You may have heard that President Donald Trump is considering hosting an Ultimate Fighting Championship (UFC) event at the White House next July 4.

However, you might not know the company behind UFC. But as an investor, you probably should.

TKO Group Holdings (TKO 0.63%) owns two major sports media properties, and they're both on fire. Ultimate Fighting Championship (UFC) is the world's premier mixed martial arts organization, and World Wrestling Entertainment (WWE) is the largest and best-known professional wrestling promoter on the planet. Combined, they reach a billion households across 210 countries.

A wrestler in a mask has another in a headlock.

Image source: Getty Images.

In the second quarter, the company generated a profit of $98 million attributable to TKO Group Holdings on revenue of $1.3 billion. Those metrics were up significantly from a year ago. Revenue rose 10% and net income soared 66%. And the revenue and earnings per share both blew past analyst forecasts: Revenue exceeded analyst estimates by 6.2% and earnings per share were 7.5% higher than Wall Street expected.

But the best may be yet to come for TKO.

Two colossal deals

Sure, the White House event could be a hoot, but even more exciting for investors is that TKO just inked a colossal seven-year deal with Paramount for U.S. broadcast rights to its UFC content. Paramount will distribute UFC's 13 marquee events and 30 fight nights via its consumer streaming platform, with several slated for network television on CBS (a Paramount property).

The contract is expected to pay TKO an average of $1.1 billion annually for the life of the contract. Paramount says it's also thinking about acquiring the international rights to UFC.

And ESPN, which is owned by The Walt Disney Company, recently struck a deal to air all of TKO's WWE events for the next five years, beginning in 2026, which will reportedly pay TKO an average of $325 million a year. That's a huge increase over the $180 million per year that NBCUniversal was reportedly paying TKO for the WWE content.

Last year Netflix and TKO agreed to a 10-year, $5 billion agreement that gives the streaming channel rights to Raw, a Monday night professional wrestling event . The January 2025 debut episode of Raw in Los Angeles averaged 2.6 million households in the U.S., more than twice the average views in 2024.

New sales and profit expectations

By shifting most of its content from traditional pay-per-view to streaming services, TKO is boosting its visibility and reach and unlocking new revenue streams.

As a result, analysts on average expect TKO's revenue to grow 67.5% this year to $4.7 billion (from $2.8 billion last year) and another 26% next year to more than $5.9 billion. Earnings are expected to skyrocket from $0.02 a share last year to $2.21 a share this year and more than double that to $5.34 a share next year. If you believe that share prices ultimately follow earnings (as I do), it quickly becomes clear that there's quite a bit of upside for this stock.

No wonder it's up 31% year to date and 57% over the past 52 weeks.

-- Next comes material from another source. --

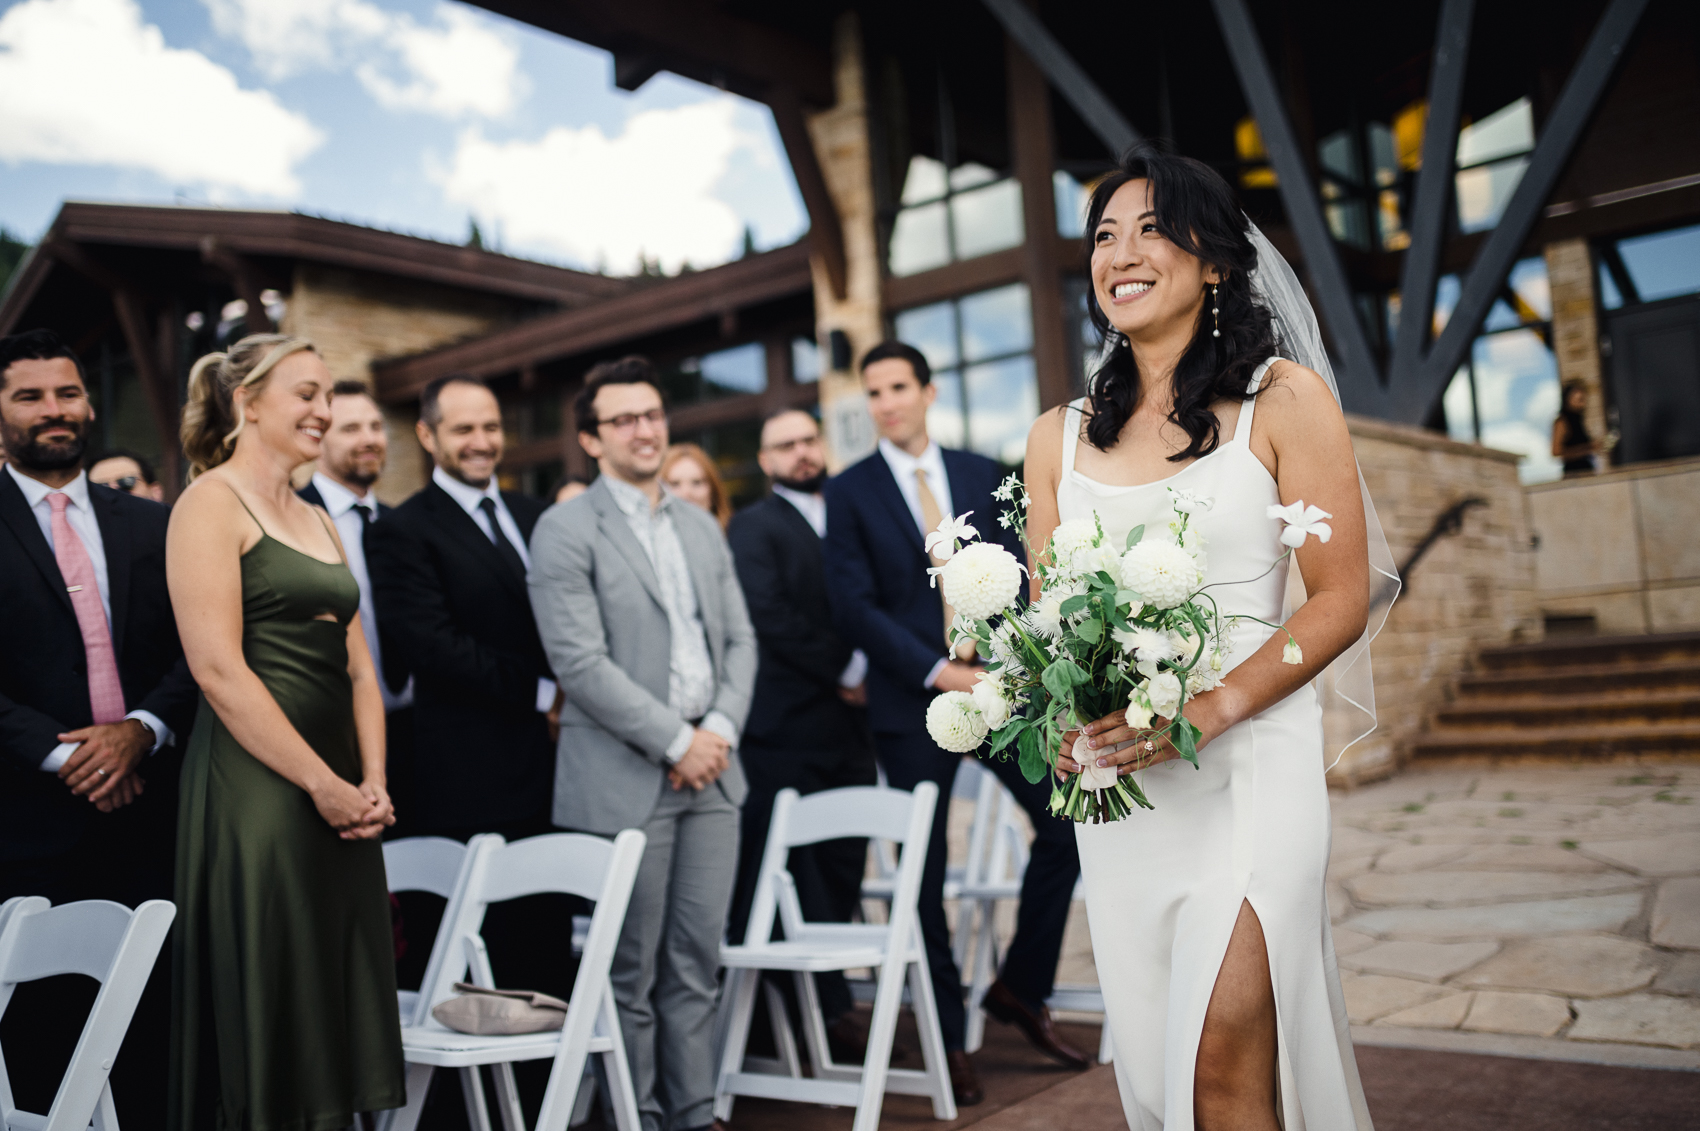 A stunning summer wedding ceremony at The 10th Vail, with the couple exchanging vows against a backdrop of breathtaking mountain views.

TKO has been branching out beyond UFC and WWE content, too. Early this year it acquired three sports assets from Endeavor Group Holdings, a privately held sports and entertainment firm. Those properties include IMG, a global sports marketing agency; On Location, a sports hospitality firm that serves the NFL and FIFA's World Cup; and Professional Bull Riders (PBR), the world's premier bull riding organization.

There are synergies to be had between these various properties. In April, TKO took over the T-Mobile Center in Kansas City for five days to stage events by WWE, UFC, and PBR.

Critics might point to TKO's relatively high valuation -- its trailing price-to-earnings ratio is 75. But the strong earnings growth expected at TKO over the next two years may justify it.

You may or may not care for mixed martial arts or professional wrestling. But if you think sports entertainment will only get bigger, TKO is looking like a great way to play it.